During a brief court appearance that was supposed to determine whether Cook’s $150,000 bail amount would be removed so that he could be held without bond, the defendant told the judge he didn’t need an attorney, saying that he was “doing okay.”
He later decided to accept the help of the county public defender rather than try to represent himself.
However, Cook also suggested during the hearing that the “wrong picture” of him was being presented and that he was anxious to “get to the bottom of it.”
The mental health evaluation will need to be completed before any more court proceedings can be carried out.
“I mean, it can take as long as several weeks,” said Gibbons. “It depends on the workload of the evaluator, and that’s something beyond our control.”
Cook is charged with one count of making a terrorist threat and one count of material support for terrorism.
He could face up to 70 years in prison if convicted on both felony charges.
Cook is accused of being in contact through social media with an as-yet unnamed terrorist organization, which he planned to help carry out terrorist attacks on at least three locations in the Madison County area.

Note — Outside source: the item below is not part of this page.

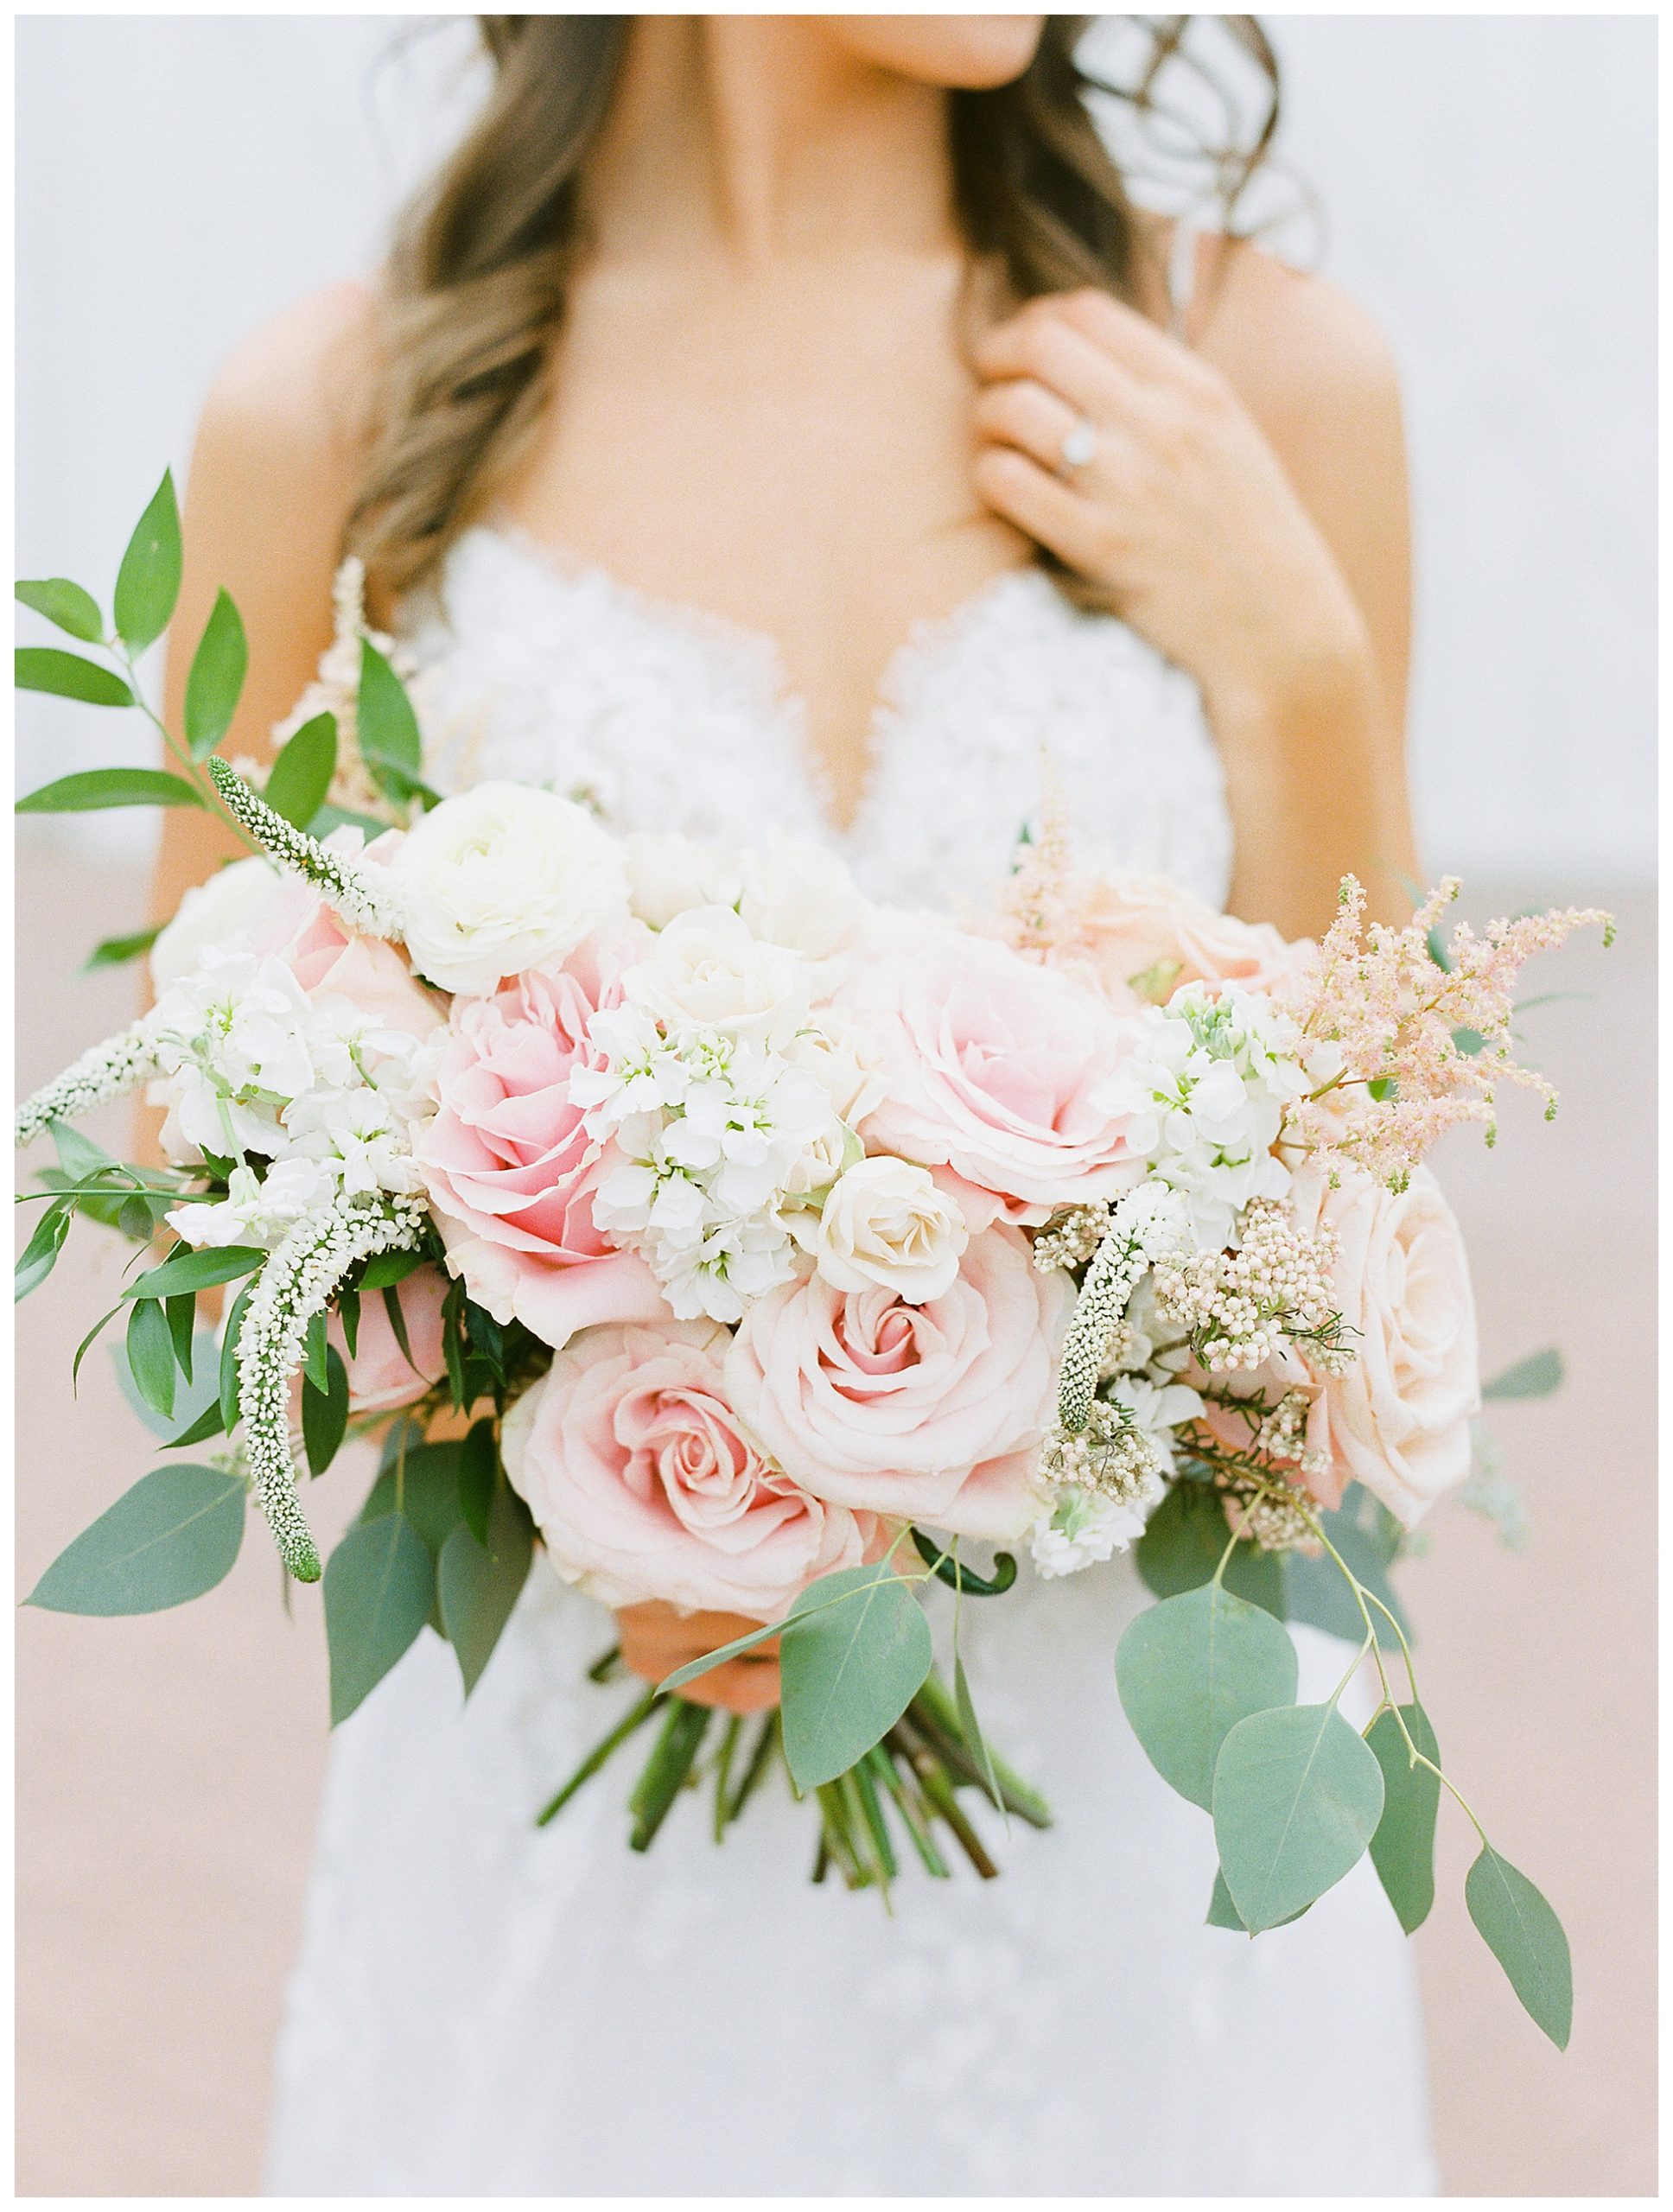 Bride holding wedding bouquet at White Sparrow barn

State’s Attorney Gibbons says even though Cook’s bond officially remains at $150,000, there’s no chance of him getting out of prison during the mental evaluation process.
“He technically is being held without bond right now,” Gibbons explained. “The court has determined that he may not be released. Even if someone were to show up with $150,000 in cash he would not get out of jail.”
Gibbons said that satisfies law enforcers’ immediate concerns that Cook stays off the street and that the community-at-large remains safe.